Боратынский
Шрифт:
Николай Путята бодро сообщал о победе в войне с Турцией. Вспоминал финляндскую молодость, юные мечты среди «мрачных картин угрюмой природы» о благословенных южных краях: «<…> Знамёна русские развеваются в Адрианополе и издали приветствуют родной щит Олега. С берегов древнего Герба, осенённых шатрами полуночных воинов, я пишу эти строки, чтобы изобразить тебе, как могу, окружающие нас новые для меня предметы. — Адрианополь, с дороги от Ямболя, по которой следовали наши войска, представляется отменно великолепно. Большое число высоких стройных минаретов, разнообразных куполов, блестящих позолотою и яркими цветами <…>; прекрасная тенистая роща вдоль реки, с развалинами обширного дворца султанов <…>» — и далее в том же духе…
Николай Коншин, обосновавшийся в Царском Селе, просил
В сентябре 1829 года Боратынский с женой и детьми уехал в Мару и надолго, до следующей весны. «<…> Надеюсь, что в деревенском уединении проснётся моя поэтическая деятельность, — писал он Ивану Киреевскому, который собирался за границу. — Пора мне приняться за перо: оно у меня слишком долго отдыхало. К тому же, чем я более размышляю, тем твёрже уверяюсь, что в свете нет ничего дельнее поэзии <…>».
В октябре он поздравил Николая Коншина с отцовством: «<…> Воображаю твою радость и очень, очень бы желал вместе с Дельвигом быть у тебя на крестинах. Когда-то сведёт нас Бог! Моя жизнь, кажется, всегда будет делиться между Москвою и Тамбовом; ты основался в Царском Селе, но кому известно будущее! <…>».
И в деревне покоя не было, как писал он Вяземскому, от набега «целой орды соседей», этих «двуногих комаров», пьющих если не кровь, то «время на дело».
Как ни досаждали визиты скучающих помещиков и семейные хлопоты, Боратынский всё же принялся за большую работу. «<…> у меня новая поэма в пяльцах, и поэма ультра-романтическая, — писал он в конце ноября И. Киреевскому. — Пишу её, очертя голову <…>».

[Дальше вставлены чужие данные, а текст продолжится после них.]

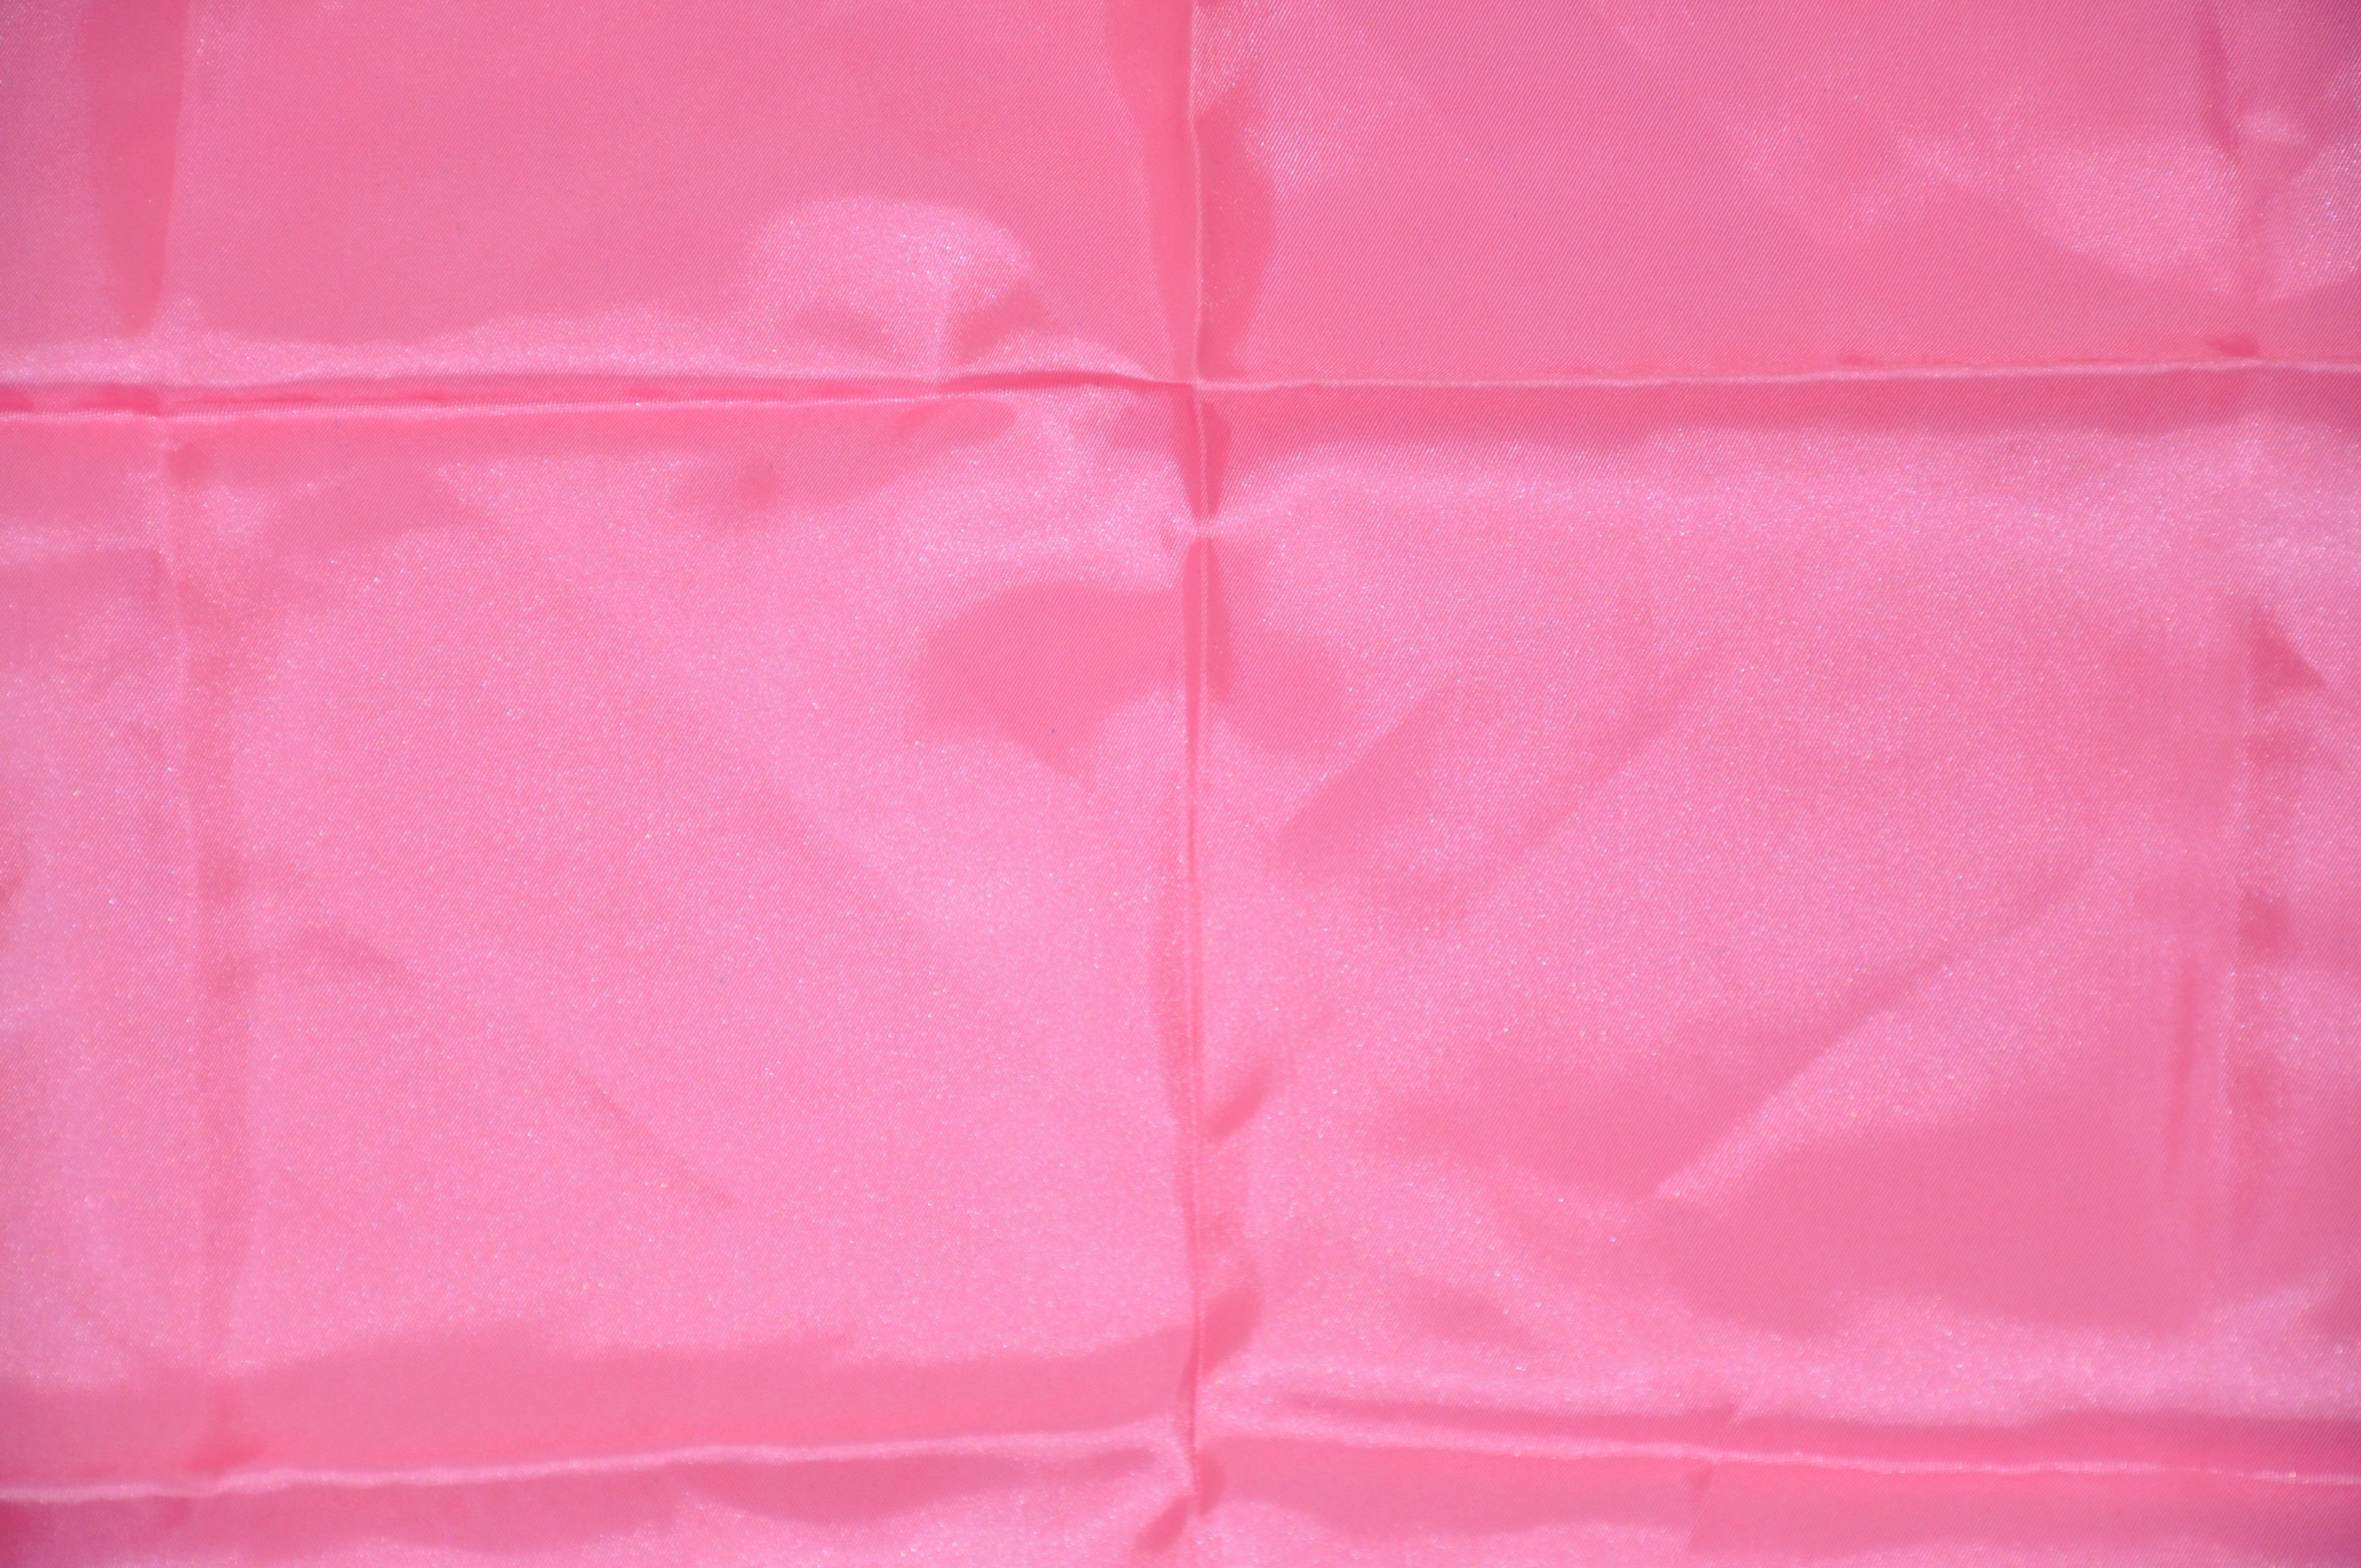        Baar & Beards wunderbar elegante marineblaue Polka-Dot-Bordüren, die ein kräftiges rosa Zentrum umgeben und mit handgerollten Rändern akzentuiert sind, messen 21 Zoll mal 21 Zoll. Hergestellt in Japan.

Давно у него не было в посланиях такой добродушной бодрости!..
Вяземский прислал из Москвы своё переложение романа Б. Констана «Адольф», и Боратынский отвечал князю, что ему будет чрезвычайно любопытен «<…> перевод светского, метафизического, тонко чувственного „Адольфа“ на наш необработанный язык», тем более выполненный такою рукою. Вяземский убеждал друга приняться за прозу, но поэт отговаривался тем, что проза ему не даётся и что «<…> суетное моё сердце всё влечёт меня к рифмам».
Прочитав «Введение к жизнеописанию фон-Визина», Боратынский заметил Вяземскому, что тот один на поприще русской литературы поступает как настоящий писатель: «<…> вы передаёте ваше мнение обо всём и, наконец, нам будет известно, что вы о чём думали, между тем как все другие русские писатели, даже с образованием, вовсе без образа мыслей».
Искренне полюбив Киреевского, Боратынский, наверное, был не против видеть его мужем своей обожаемой свояченицы, Сонечки Энгельгардт, — впрочем, скорее всего, это могло прийти раньше в голову его жене, Настасье Львовне. Молодые люди были уже представлены друг другу. Но что-то не заладилось между ними… В канун нового, 1830 года Иван Киреевский уехал в долгое заграничное путешествие. А в январе Боратынский писал из Мары младшей сестре жены, что весьма сердит на Киреевского: «<…> Измышления, которые он тебе передавал, — в то время как сам думал только о предстоящем путешествии, достойны сентиментального фата, столько же смехотворного, сколь непорядочного, — и тебе не стоит о нём жалеть. Твоя судьба, дорогая Софи, и те затруднения, с которыми ты столкнёшься в поисках сердца, столь же возвышенного, сколь твоё, огорчают меня; это примешивает толику грусти к тому удовольствию, которое доставляют мне твои успехи в свете. Впрочем, Бог милостив, и если уж Он создал тебя такой, какая ты есть, то, наверное, не для того, чтобы твоя прекрасная жизнь не нашла себе применения <…>» (перевод с французского).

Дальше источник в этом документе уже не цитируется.